Would you retype exactly the lines below, starting with the one that has "Jeune femme asiatique" and going on through the one that has "Kurt Rüsch, Februar 2023 / TA", with no pictures and nothing else?

◆ **Records for this task**:
※
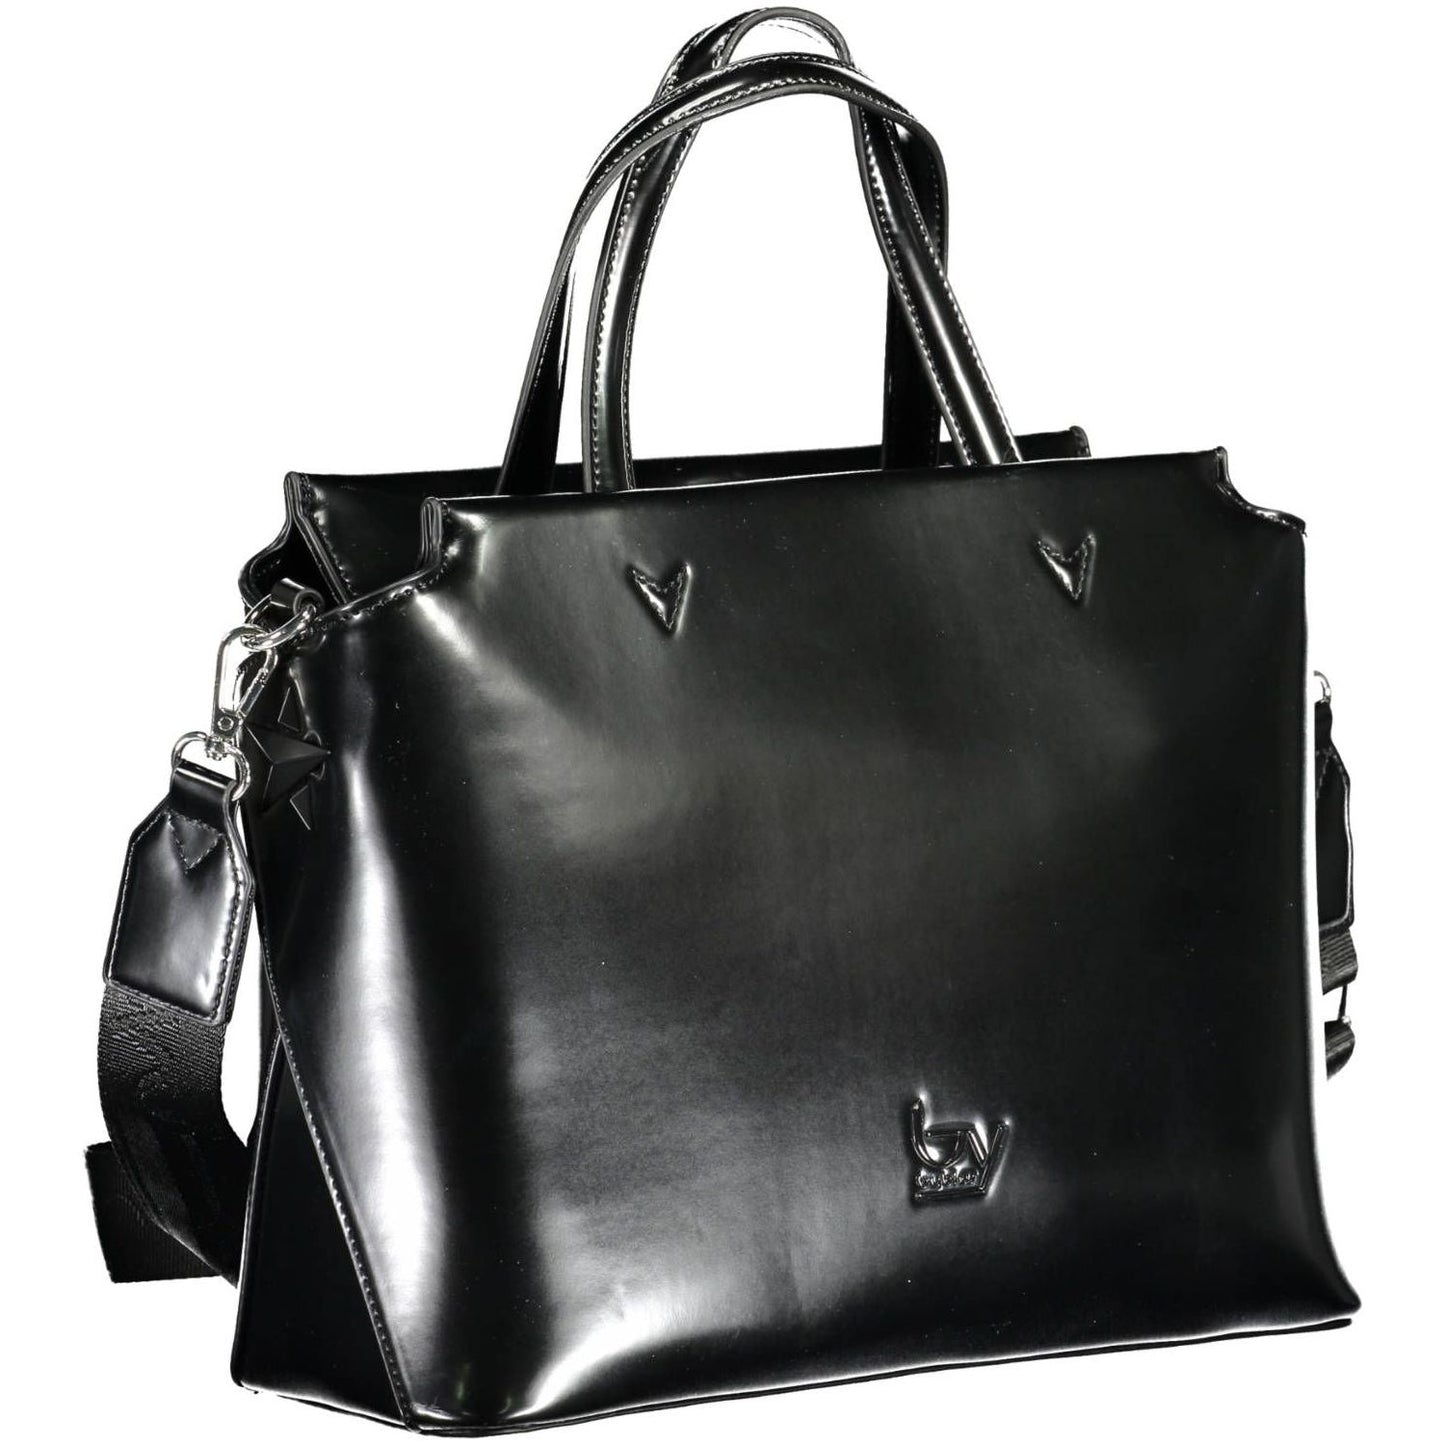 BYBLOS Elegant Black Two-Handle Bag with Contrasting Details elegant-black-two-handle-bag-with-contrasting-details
※
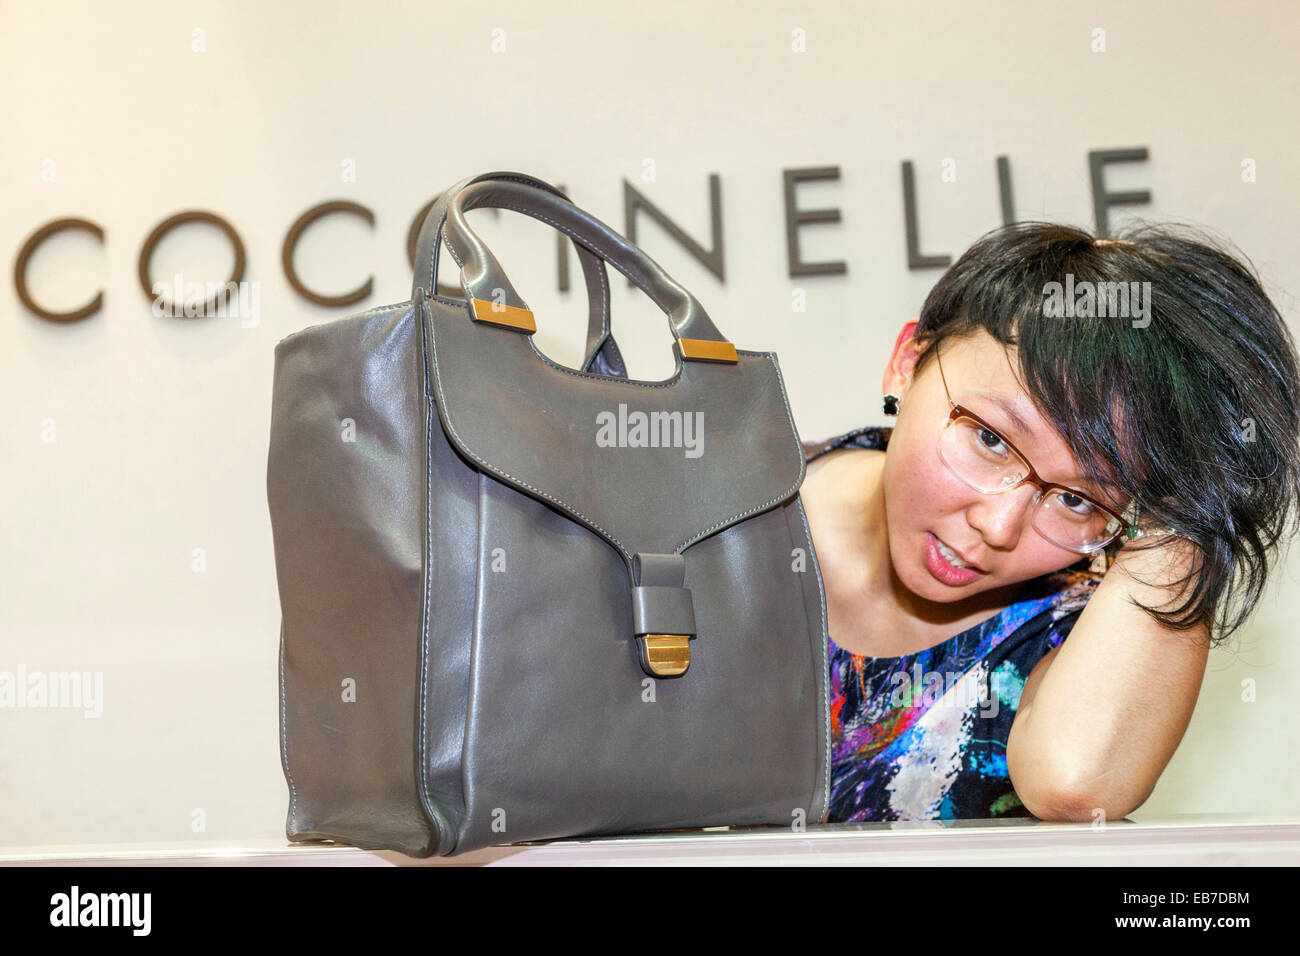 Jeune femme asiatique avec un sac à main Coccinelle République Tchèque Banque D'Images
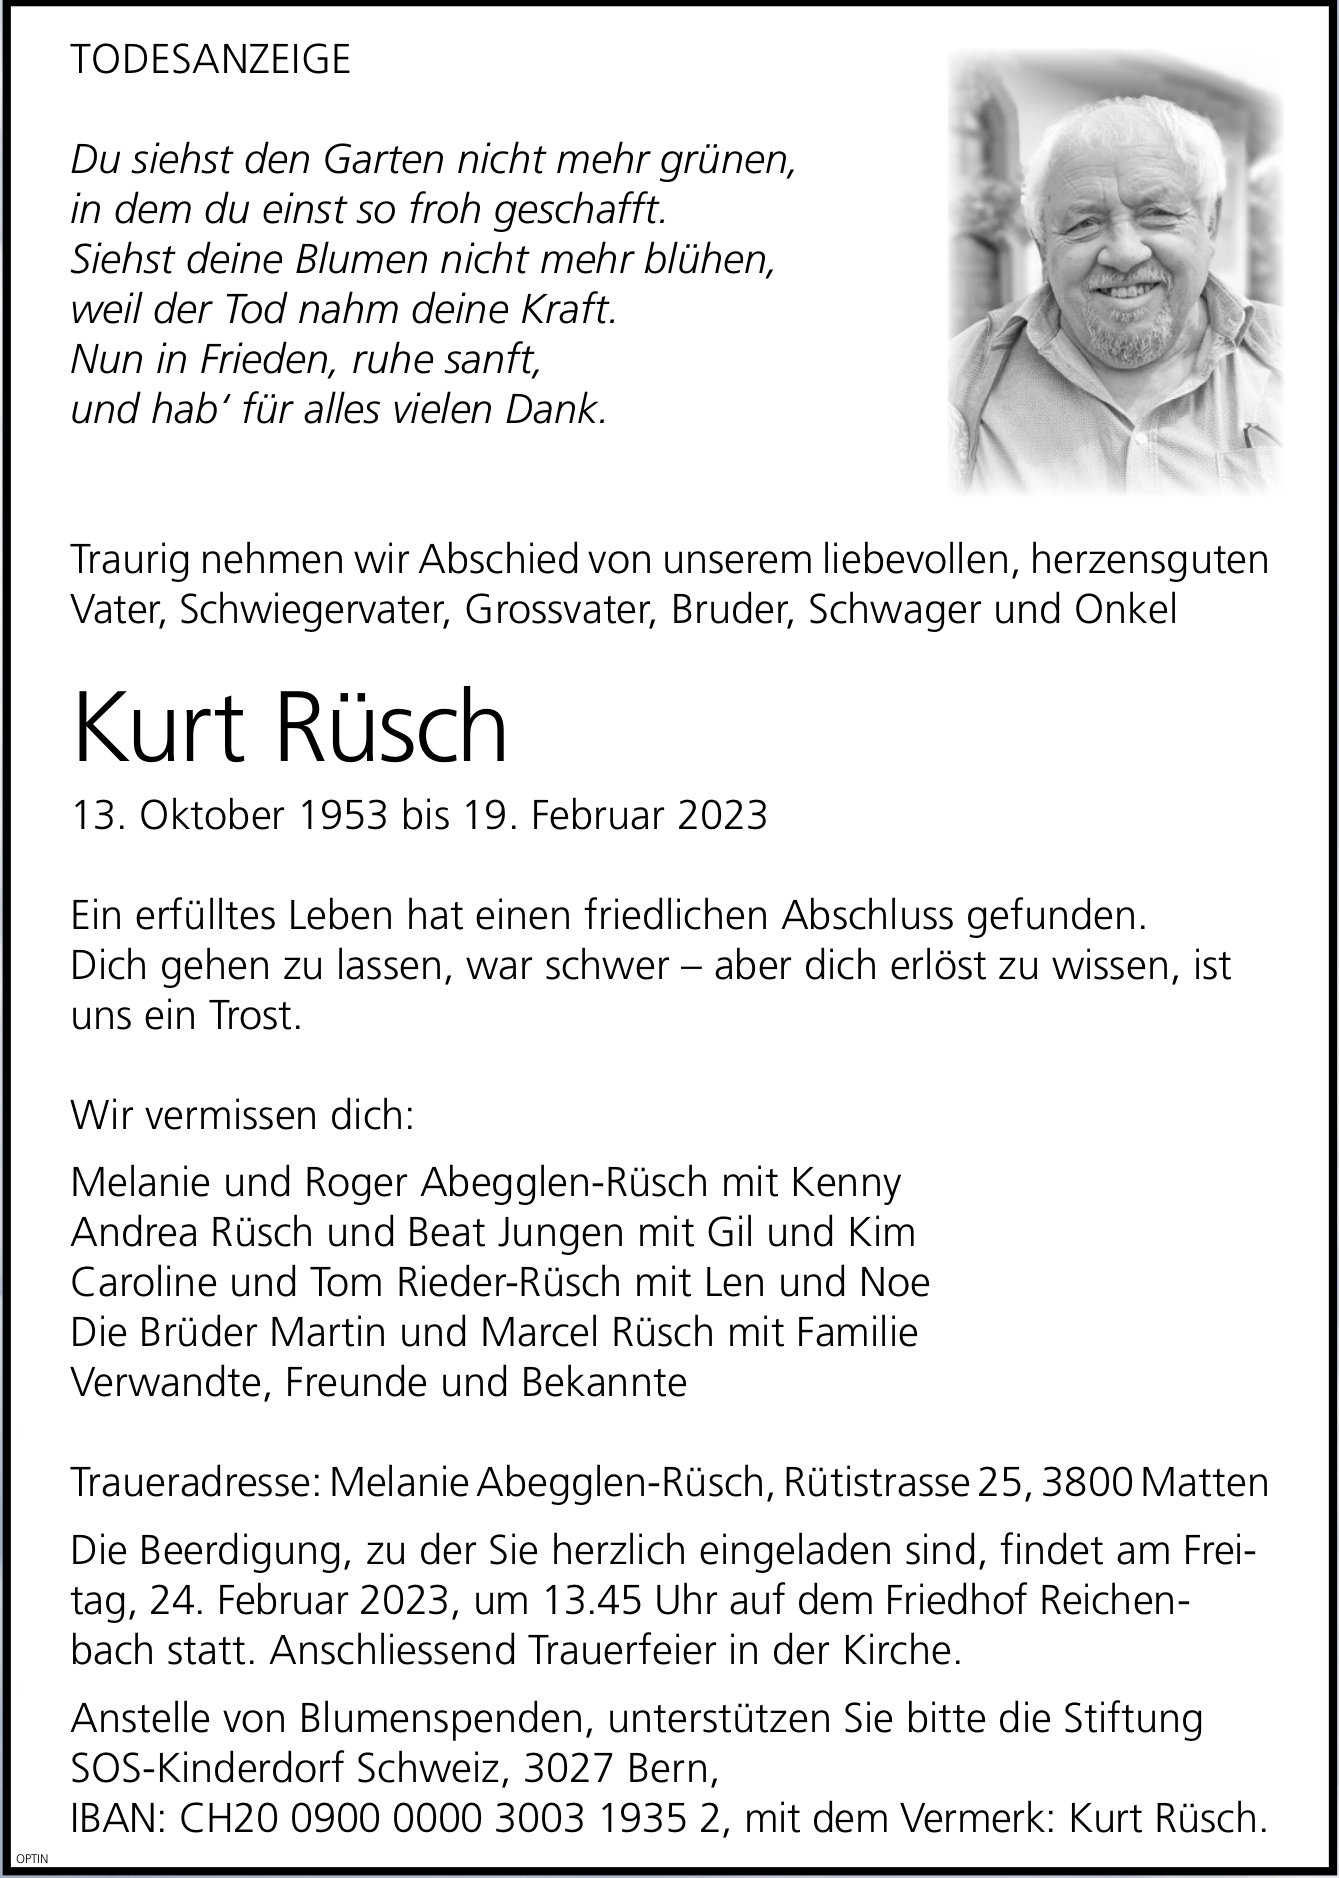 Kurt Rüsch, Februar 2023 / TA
※
◆ **Output for this exercise**:
 Jeune femme asiatique avec un sac à main Coccinelle République Tchèque Banque D'Images
 Kurt Rüsch, Februar 2023 / TA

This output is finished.